Casava being the most importantly cultivated food crops of the Southeast Asian countries has been majorly affected by a variety of disease-causing pathogens [569]. The most prevalent disease of casava is the casava mosaic disease caused by the cassava mosaic begomoviruses of the genus Begomovirus and Geminiviridae family resulting in the poor leaf development with reduced photosynthesis leading to the poor tuber quality with improved yield loss [581]. Shallots are one among the crops with high economic value worldwide and are largely cultivated in the South Kalimantan of Indonesia are reported to be infected by the Moler disease by Fusarium oxysporum and anthracnose by Colletotrichum sp. causing a severe damage to crop with a resulting yield loss ranging from 24 to 100%. Likewise, Adiyoga et al. [5], Bambang and Khusnul [30], and[188] have reported that Fusarium wilt disease, anthracnose, and porch blotch of onions could lead to a sever yield loss of about 27–27%, 21–100%, and 30% respectively in Southeast Asian countries and Indonesia.
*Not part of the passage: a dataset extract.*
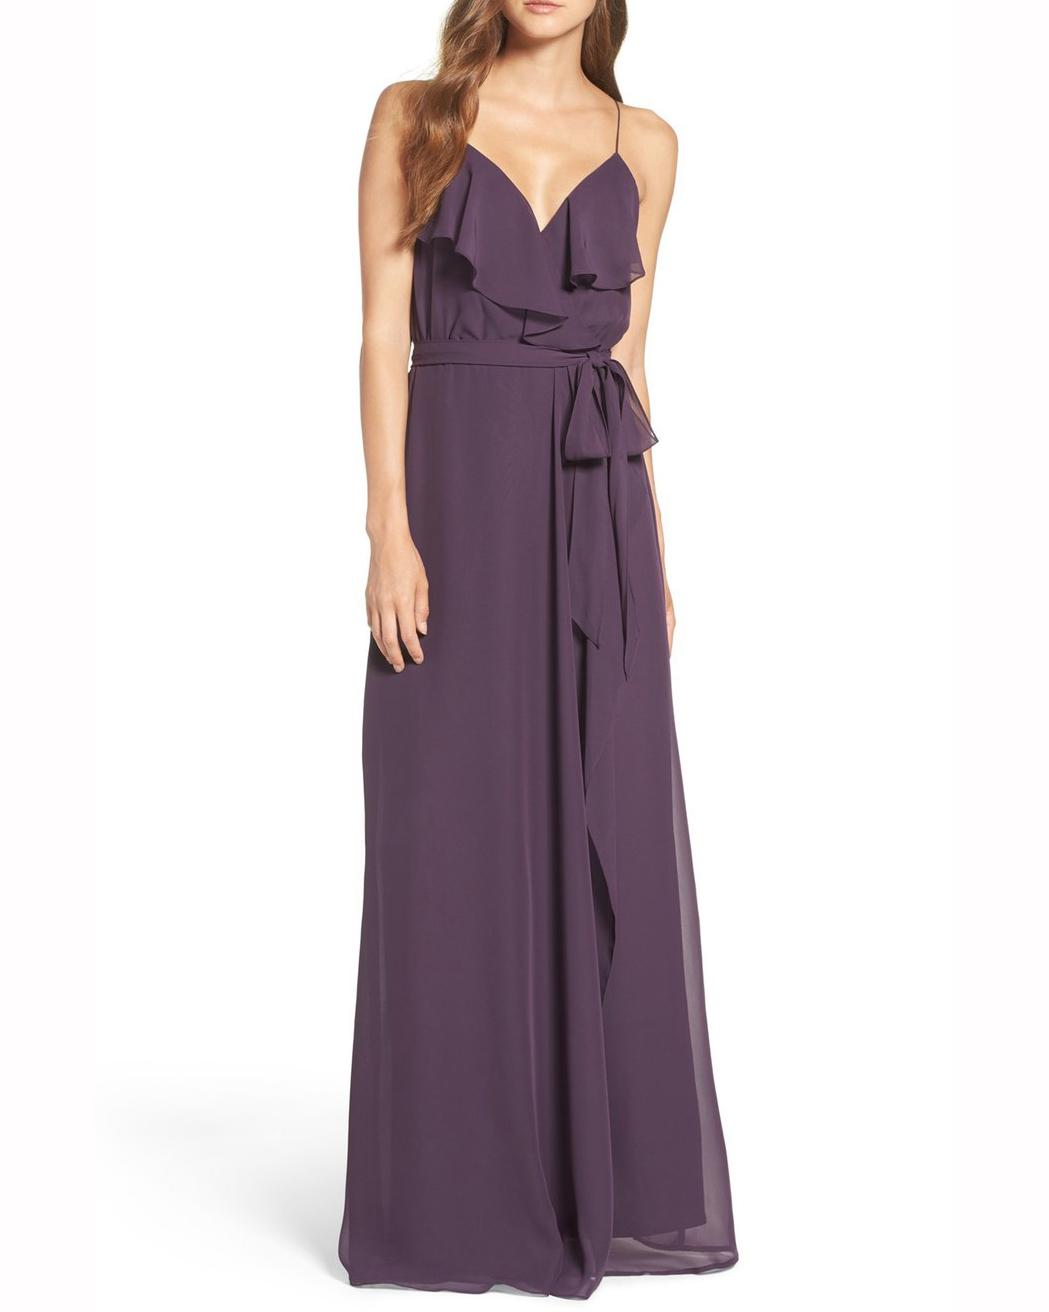 bridesmaid dress
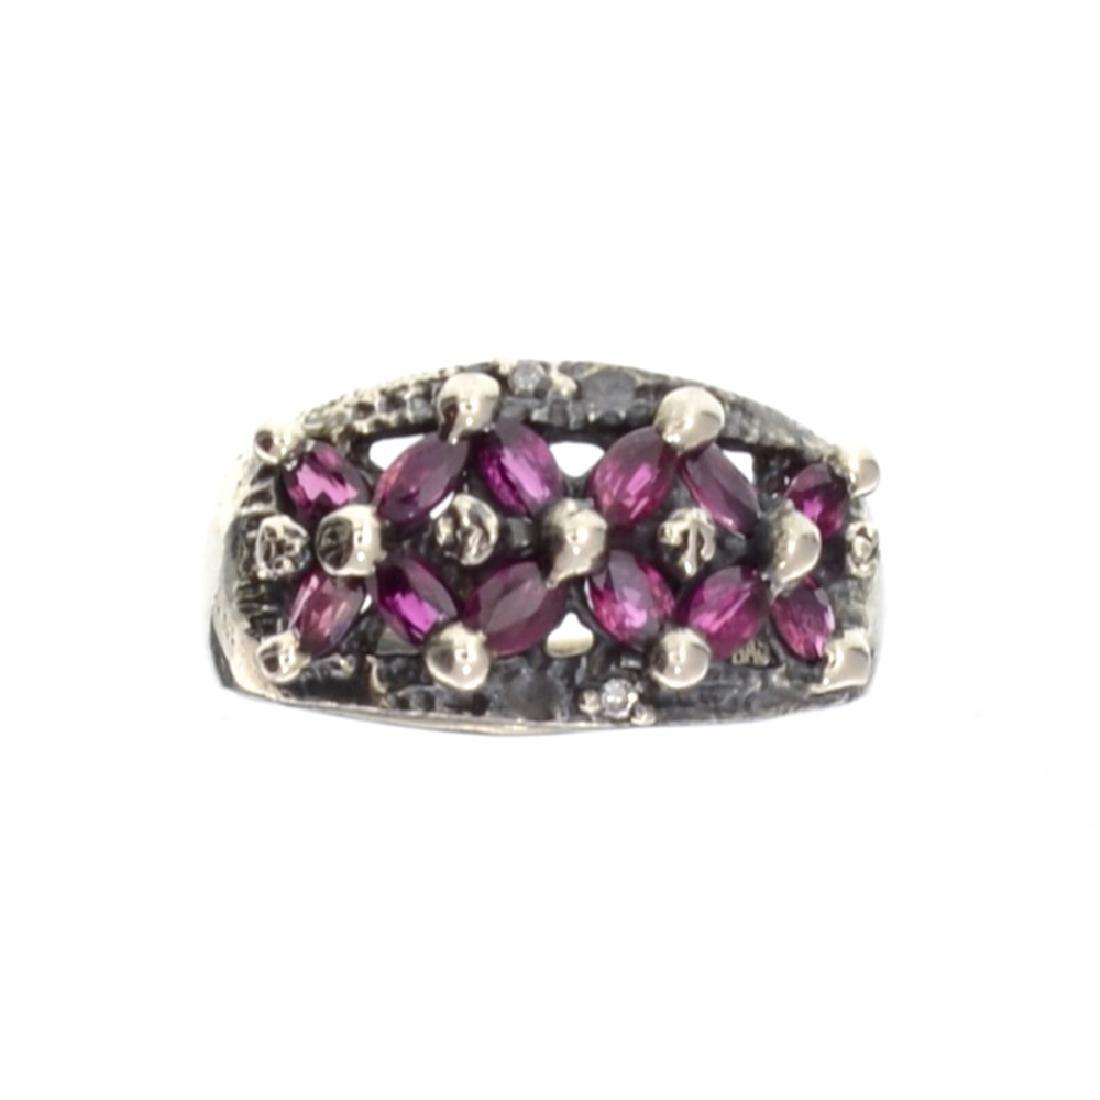 APP: 0.5k Fine Jewelry Designer Sebastian 0.84CT

Further, bacterial stalk rot of corn a devastating disease caused by the bacterial species Dickeya zeae is reported to cause severe yield loss of corn in Indonesia [547]. Similarly, [546] has reported the vulnerability of the corn crops to various insects like grasshopper, katydid, sweet potato bug, derbid plant hopper, cotton stainer, largid bug, corn leaf hopper, corn rootworms, green chafer beetle, tussock moth, Asian lady beetles, transverse lady beetle, and assassin bug along with two fungal pathogenic infections caused by Fusarium sp. and Puccinia sp. affecting the crop yield in Malaysia. Myanmar being the second largest producer of sesame seeds globally experiences an annual yield loss of about 5–50% by phyllody, 10–75% by charcoal rot caused by Macrophomina phaseolina, 5–50% by Cercospora leaf spot, and 5% by bacterial leaf spot caused by Xanthomonas campestris [389].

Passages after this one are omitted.